Top of RAW DATA

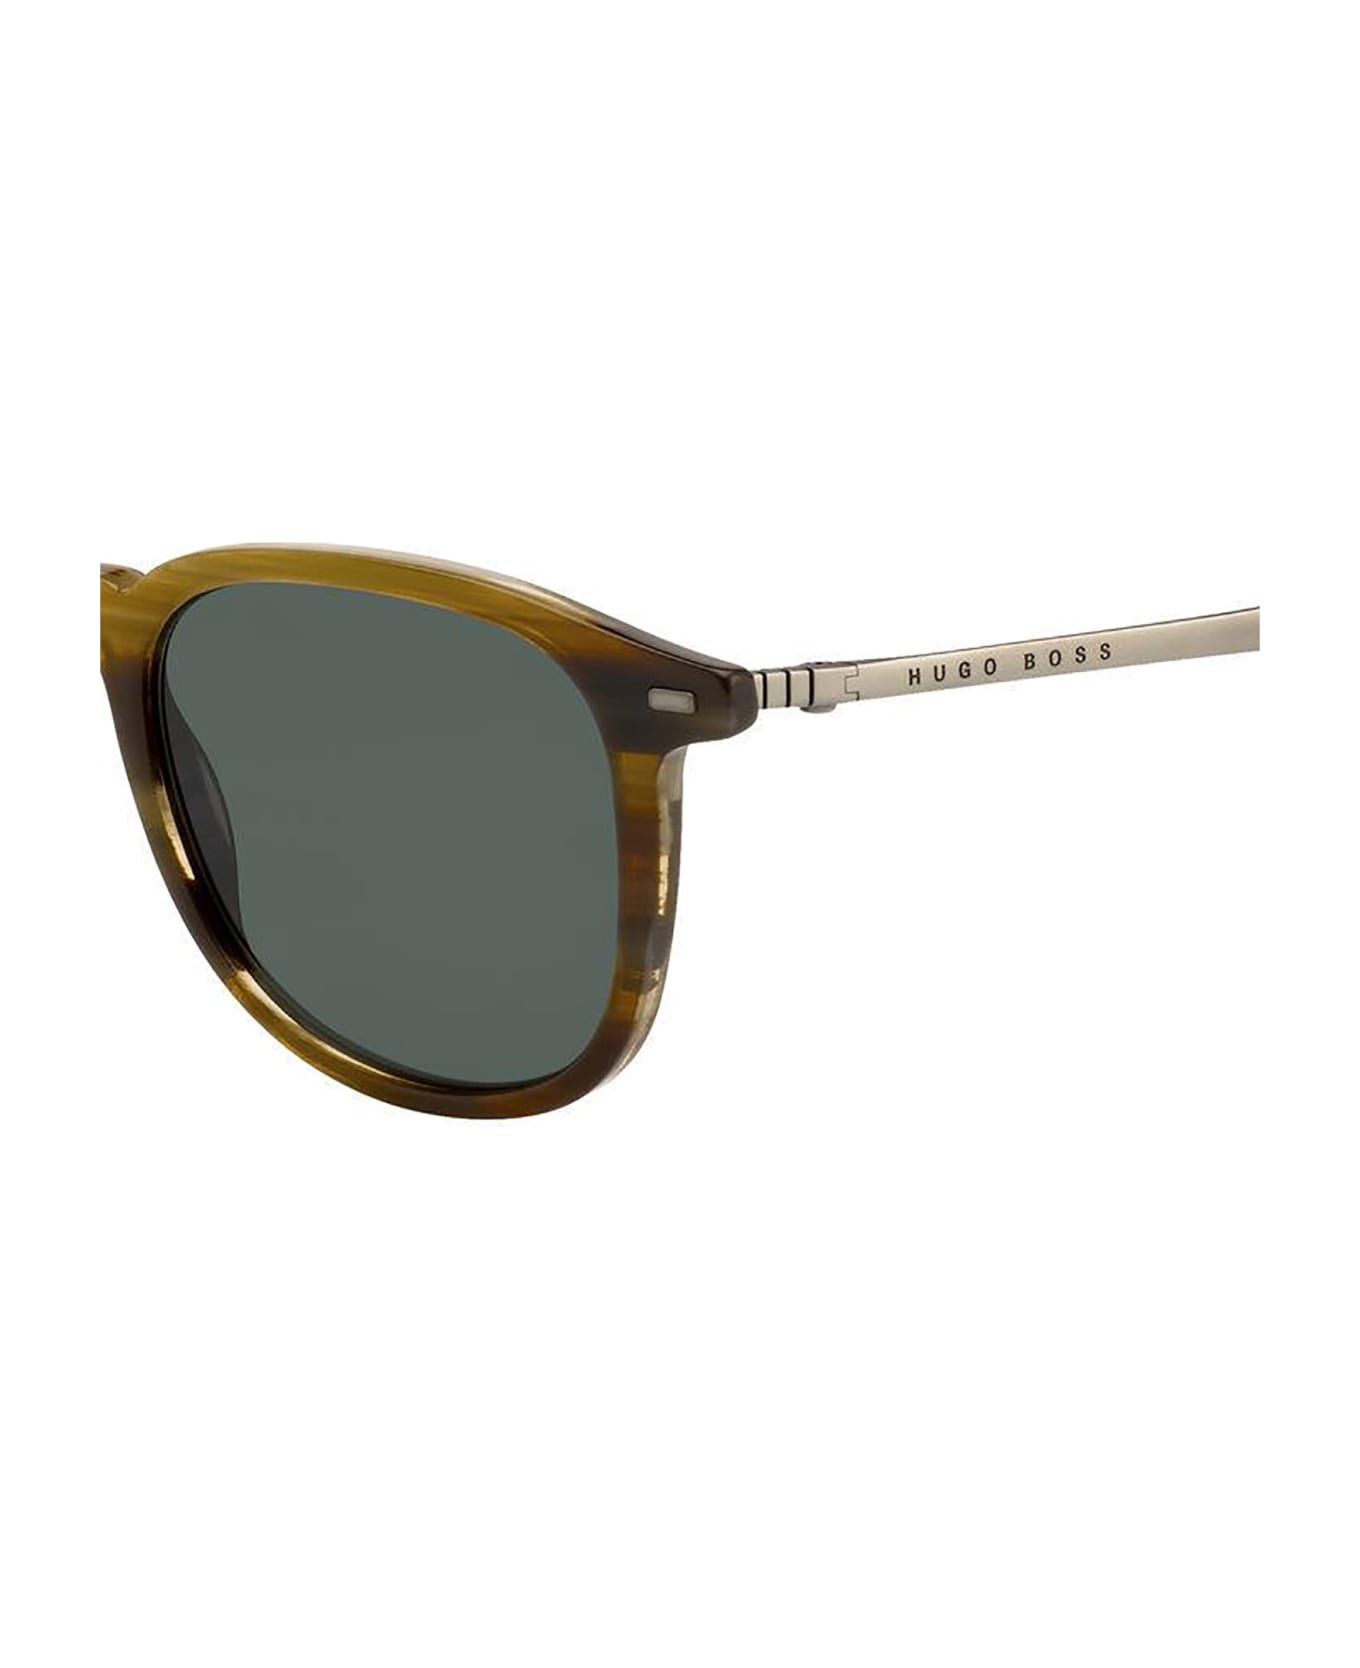 Hugo Boss BOSS 1094/S Sunglasses - /qt Brown Horn
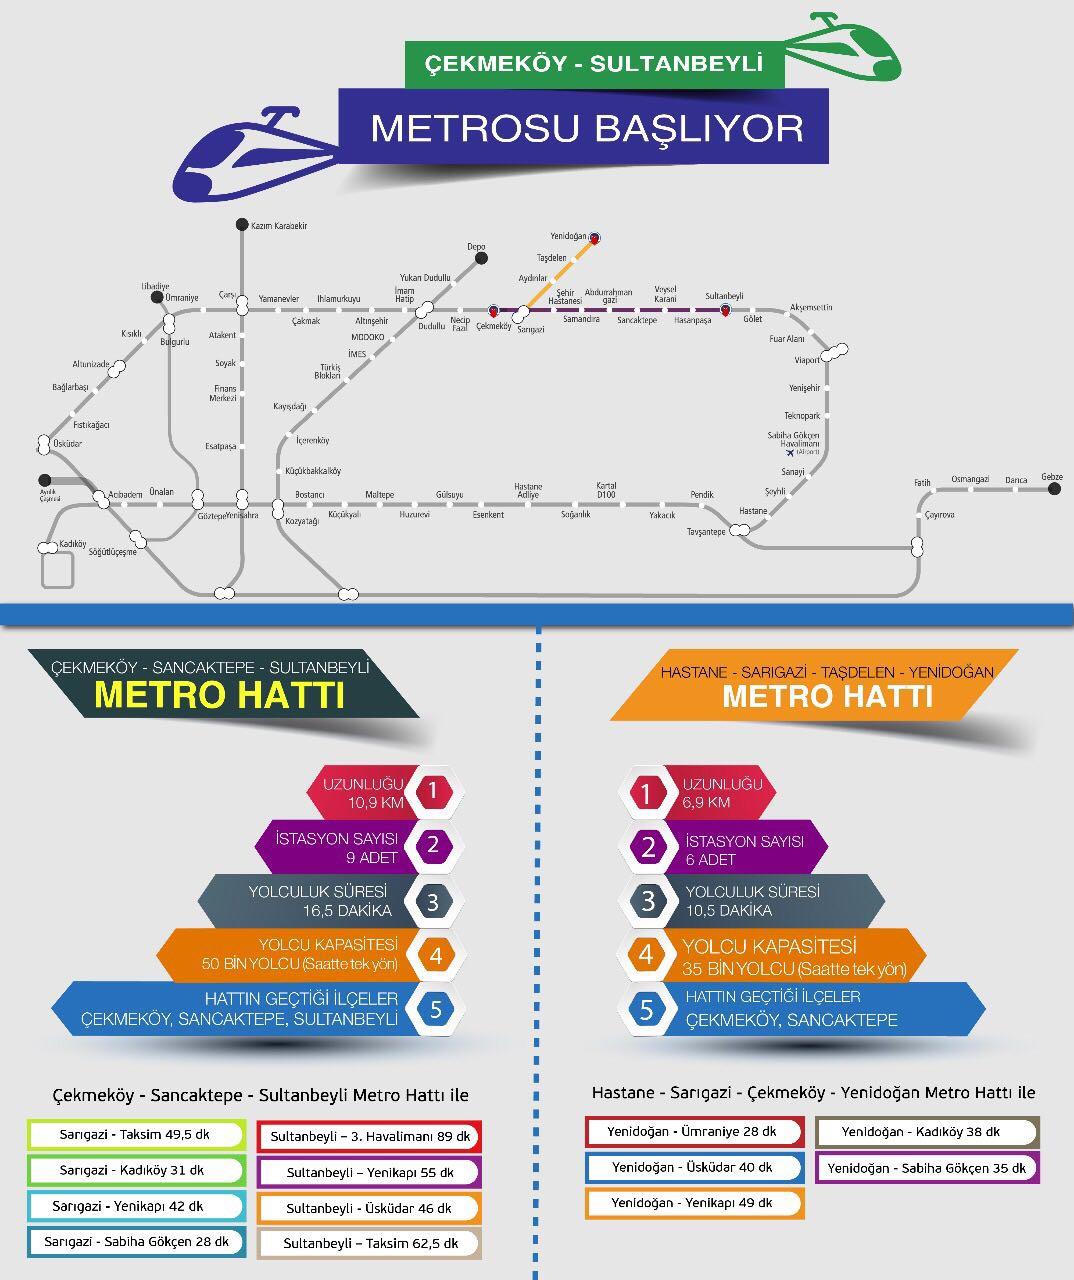 Çekmeköy - Sancaktepe - Sultanbeyli Metro Hattı ve Hastane - Sarıgazi - Çekmeköy Taşdelen - Yenidoğan Metro Hattı
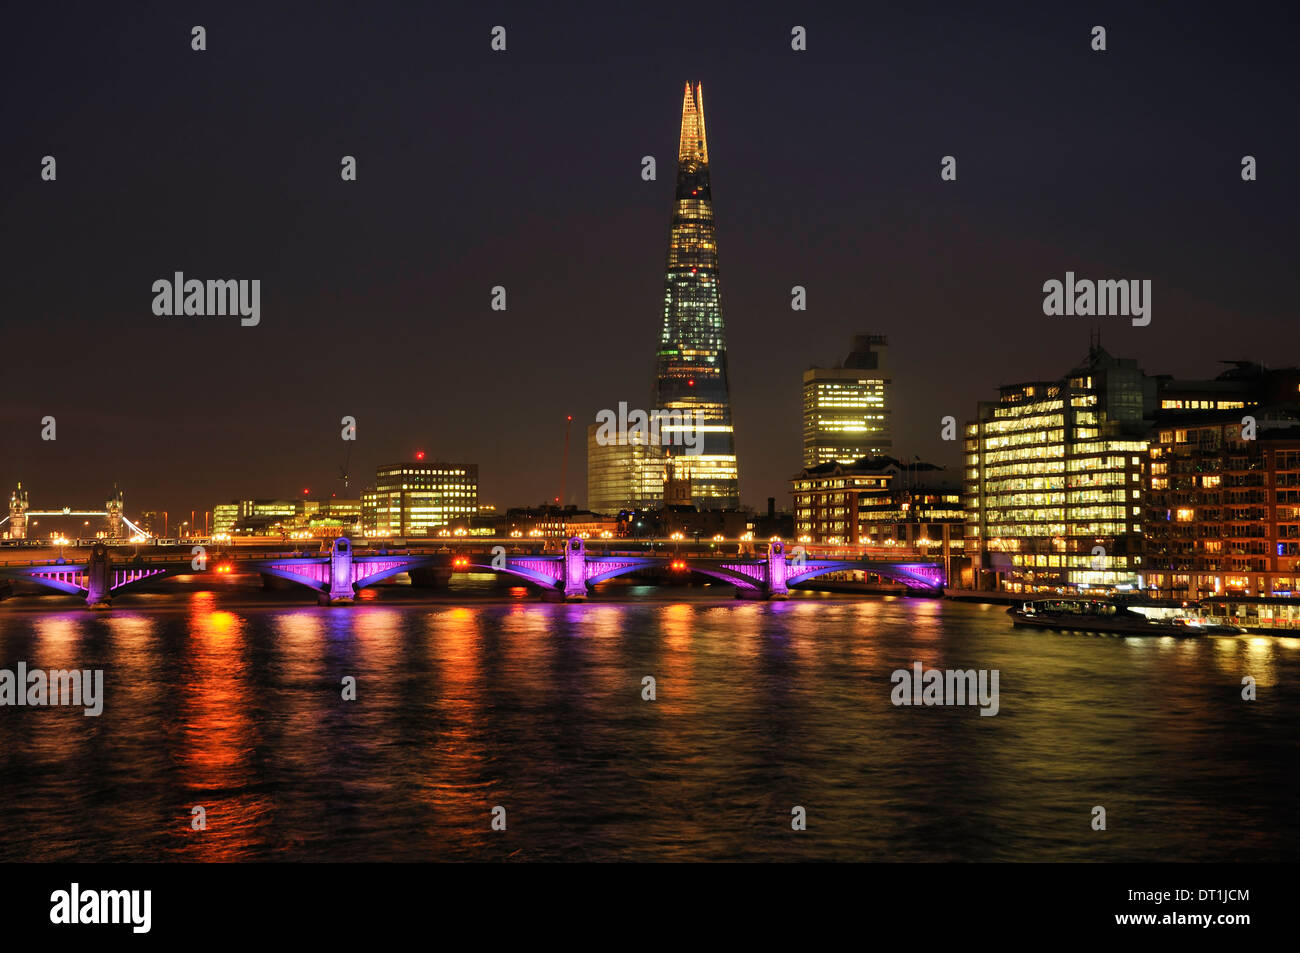 La South Bank, Londres, Royaume-Uni, la nuit, illuminée, avec le Shard et le pont Southwark Banque D'Images

Bottom of RAW DATA

• EXERCISE GOAL:
The expected output is an exact retyping of the lines from the line with "Çekmeköy - Sancaktepe" through the last line of the data, with both ends kept and the pictures dropped.

• YOUR SOLUTION:
 Çekmeköy - Sancaktepe - Sultanbeyli Metro Hattı ve Hastane - Sarıgazi - Çekmeköy Taşdelen - Yenidoğan Metro Hattı
 La South Bank, Londres, Royaume-Uni, la nuit, illuminée, avec le Shard et le pont Southwark Banque D'Images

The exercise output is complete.